QUESTION: Did you say, Jamie, that their position on the international force had moved?

MR. RUBIN: No, I didn't say that. I said that we continue to discuss our disagreement over what the nature of an international presence would be necessary to provide security for Kosovo, and that they were going to continue to discuss this issue because it's obviously very important.

QUESTION: Jamie, is the KLA moving out with the refugees and now using neighboring countries from which to stage military operations? And if that's the case, is the KLA responsible in some degree for prolonging or widening the war?

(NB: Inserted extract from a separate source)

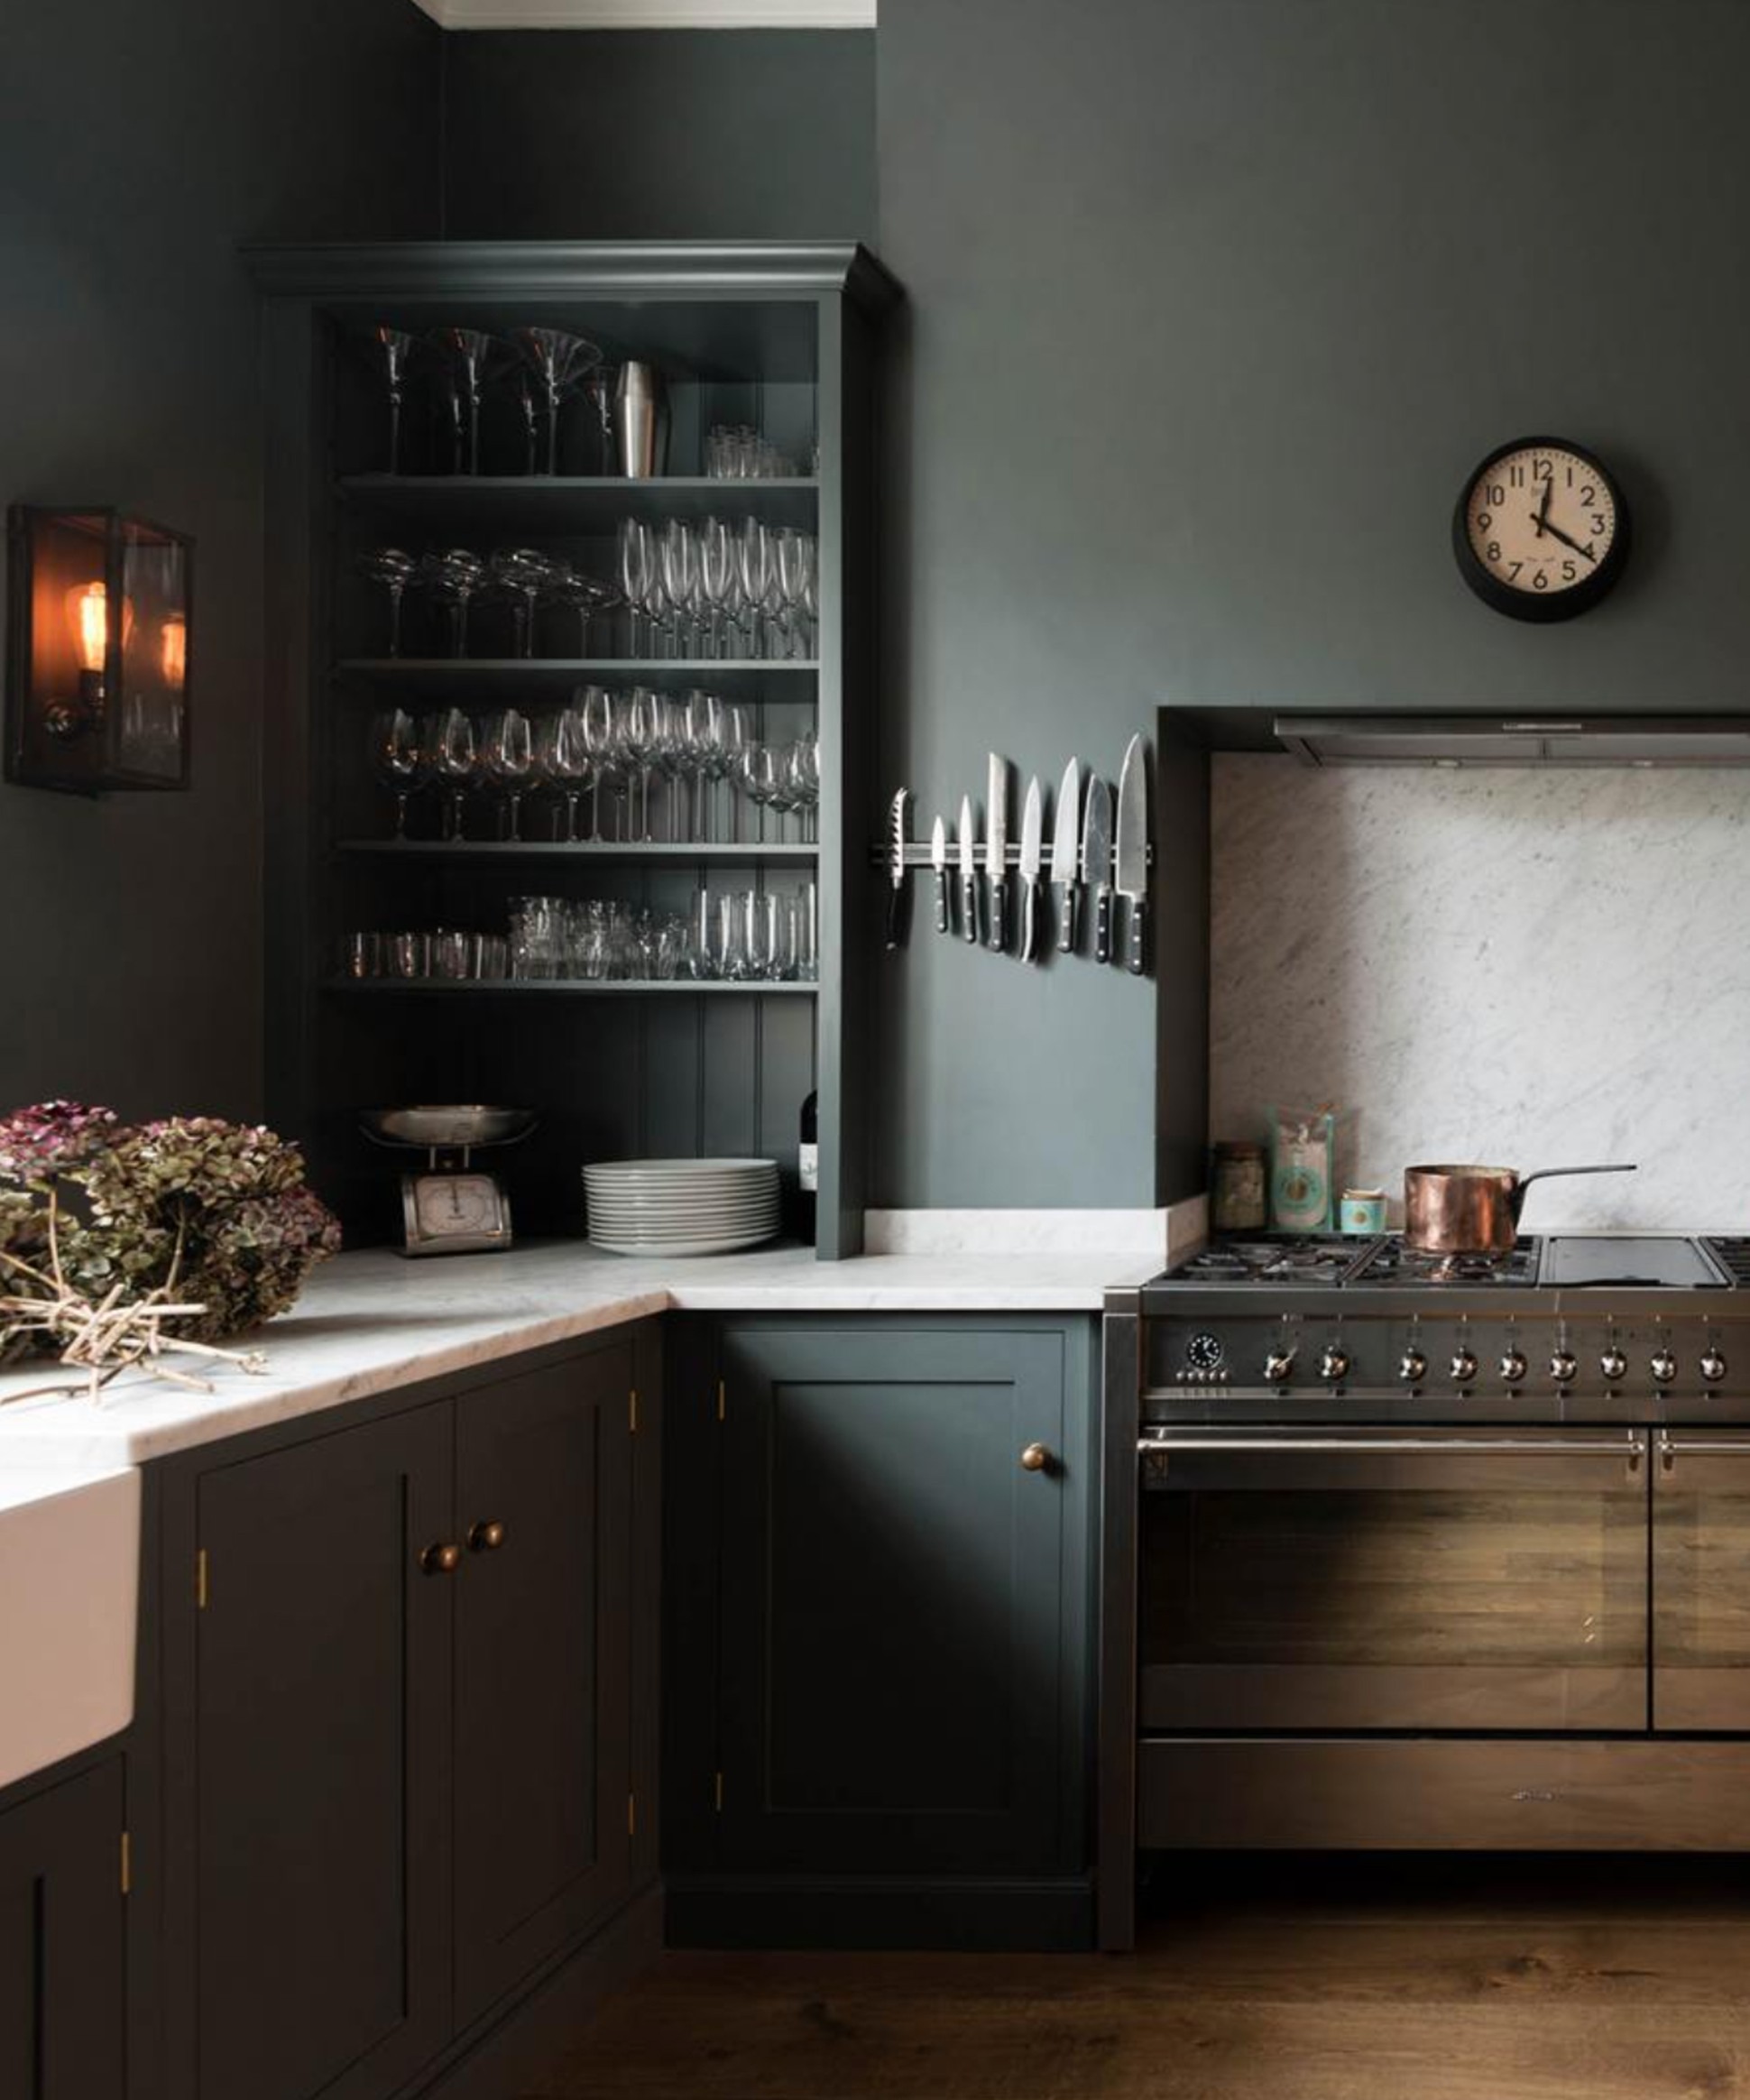 Grey kitchen ideas - designers explain how to use this color  - dark grey kitchen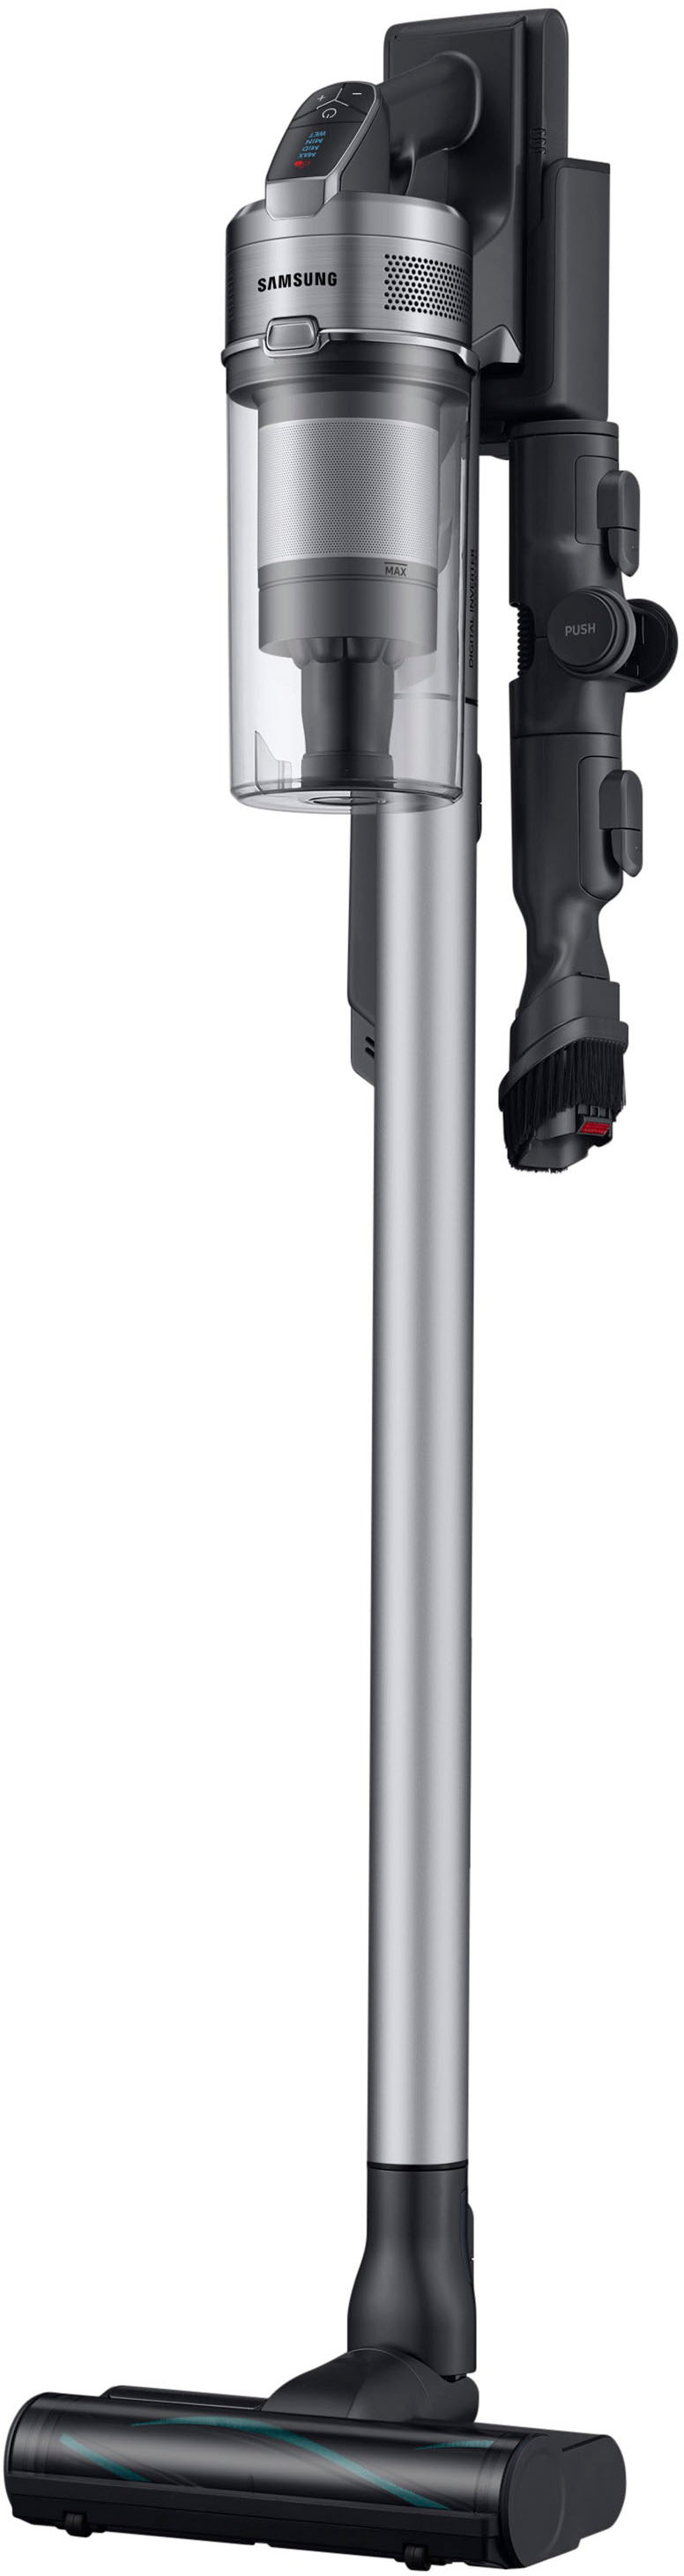 filter ontrouw kabel Samsung Jet™ 75+ Cordless Stick Vacuum with Additional Battery Titan  ChroMetal VS20T7551R5/AA - Best Buy

MR. RUBIN: First answer to your question is, the KLA has been the subject of a brutal offensive campaign by the Serbian forces. We have condemned certain tactics of the KLA in the past, but at the same time we've expressed understanding for the people of Kosovo's decision to respond to ten years of repression, violations of human rights and refusal to seek a peaceful solution.

Let us remember that the KLA, on behalf of a mixed delegation of political leaders from Kosovo, signed a peace agreement. President Milosevic refused to sign a peace agreement and began conducting this bloody offensive to try to wipe the KLA out and, in the process, destroy hundreds of villages, burn houses. His forces have been responsible for mass atrocities, including crimes against humanity and war crimes. That is the basic situation we're dealing with.

With respect to your specific question, it is our impression that President Milosevic not only failed in his effort to eradicate the KLA, but that they have gained in political support amongst the people of Kosovo. We warned the Serbs that every time they conduct a brutal offensive against the people of Kosovo, they become the best recruiting agents for the KLA. Because the people who have suffered at the hands of these brutal Serb forces become more and more supportive of fighting back as opposed to previous approaches, which was to try to negotiate or to simply disengage from the Serbs in Kosovo.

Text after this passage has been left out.